Dallas
News of power wheelchair fraud returned to the Lone Star State in February when 11 Dallas-area residents, including DME dealers and a physician, were arrested in a multi-million-dollar Medicare billing scheme.
Unsealed Feb. 5 by the U.S. Attorney in the Northern District of Texas, indictments allege that the defendants submitted fraudulent claims for reimbursement of power wheelchairs and diverted the funds they received from Medicare for personal use. The U.S. Department of Health and Human Services said billings in the schemes were in excess of $36 million, with more than $15 million paid out by Medicare to the defendants.
According to the indictments, older individuals were often approached by recruiters who offered them free scooters in exchange for their Medicare information, which was then used to file the fraudulent claims. Some beneficiaries actually received scooters, but the suppliers billed Medicare for more expensive power wheelchairs, the indictment said. Other beneficiaries received written notification from Medicare that they had received a power wheelchair when, in fact, they had never asked for or received one.
Typically, Medicare was billed from $8,000 to $10,000 for the motorized wheelchairs. For each claim they submitted, the wheelchair suppliers would receive approximately $5,000 from Medicare, the indictment said.
The arrests were the result of a joint investigation called “Operation Roll Over,” which included law enforcement officers from HHS' Office of Inspector General, Office of Investigations; the IRS' Criminal Investigation unit; the U.S. Postal Inspection Service; the FBI; and the Department of Homeland Security, Bureau of Immigration and Customs Enforcement.
“We shut this operation down in four short months here in Dallas … and we're on the lookout for any others even contemplating a similar scam,” said U.S. Attorney Jane J. Boyle.
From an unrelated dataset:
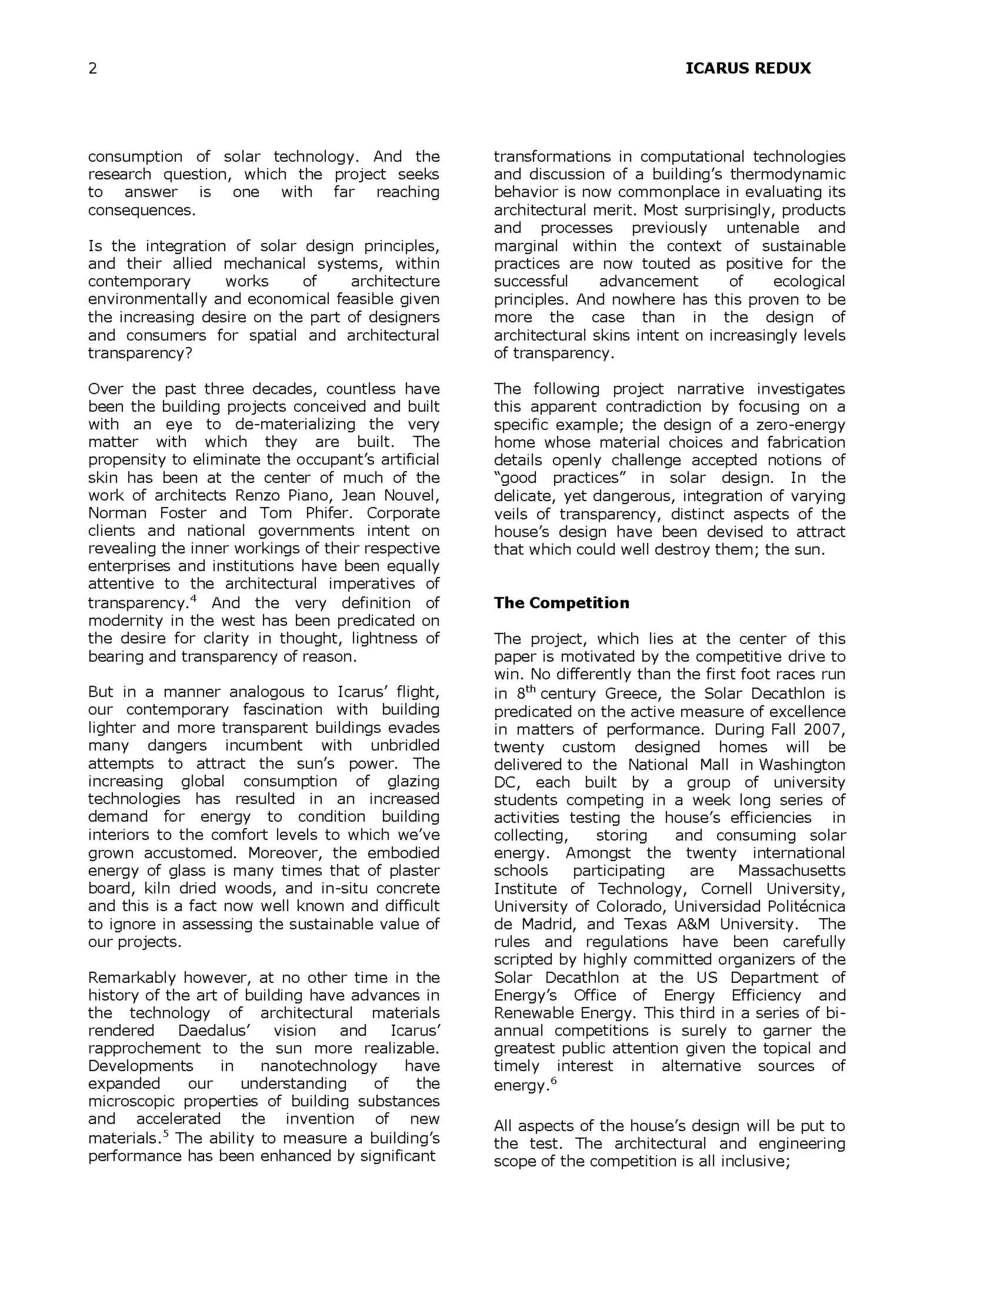 ACSA.2007.IcarusRedux2_Page_2.jpg

The investigation involved 137 federal agents and law-enforcement personnel from 14 local jurisdictions. (For a list of defendants, visit www.usdoj.gov/usao/txn. Click on “Press Releases,” then on the Feb. 5 release, “Operation Roll Over.”)
Last September, after authorities uncovered a $32 million power wheelchair billing scheme in Houston, CMS and OIG issued a 10-point initiative aimed at curbing fraud and abuse of the Medicare power wheelchair benefit. Among its points, “Operation Wheeler Dealer” required providers in Harris County, Texas (where Houston is located), to attend mandatory training on wheelchair coverage and medical review policies. The plan also required payment for motorized wheelchairs in Harris County to be “personally and individually approved” by CMS staff on a special task force.
The Senate Finance Committee is presently investigating companies that may be taking advantage of federal health care programs to increase sales and profits of scooters and wheelchairs, and news of the second Texas scheme sparked the possibility of congressional hearings on the matter.
“It appears that Medicare payments for power wheelchairs and scooters are so exorbitant that criminals have been seeking easy profits,” Finance Committee Chairman Sen. Charles Grassley, R-Iowa, wrote in a February letter to David Walker, comptroller general of the General Accounting Office. In anticipation of a hearing, Grassley asked the GAO to brief the Finance Committee staff on the issue.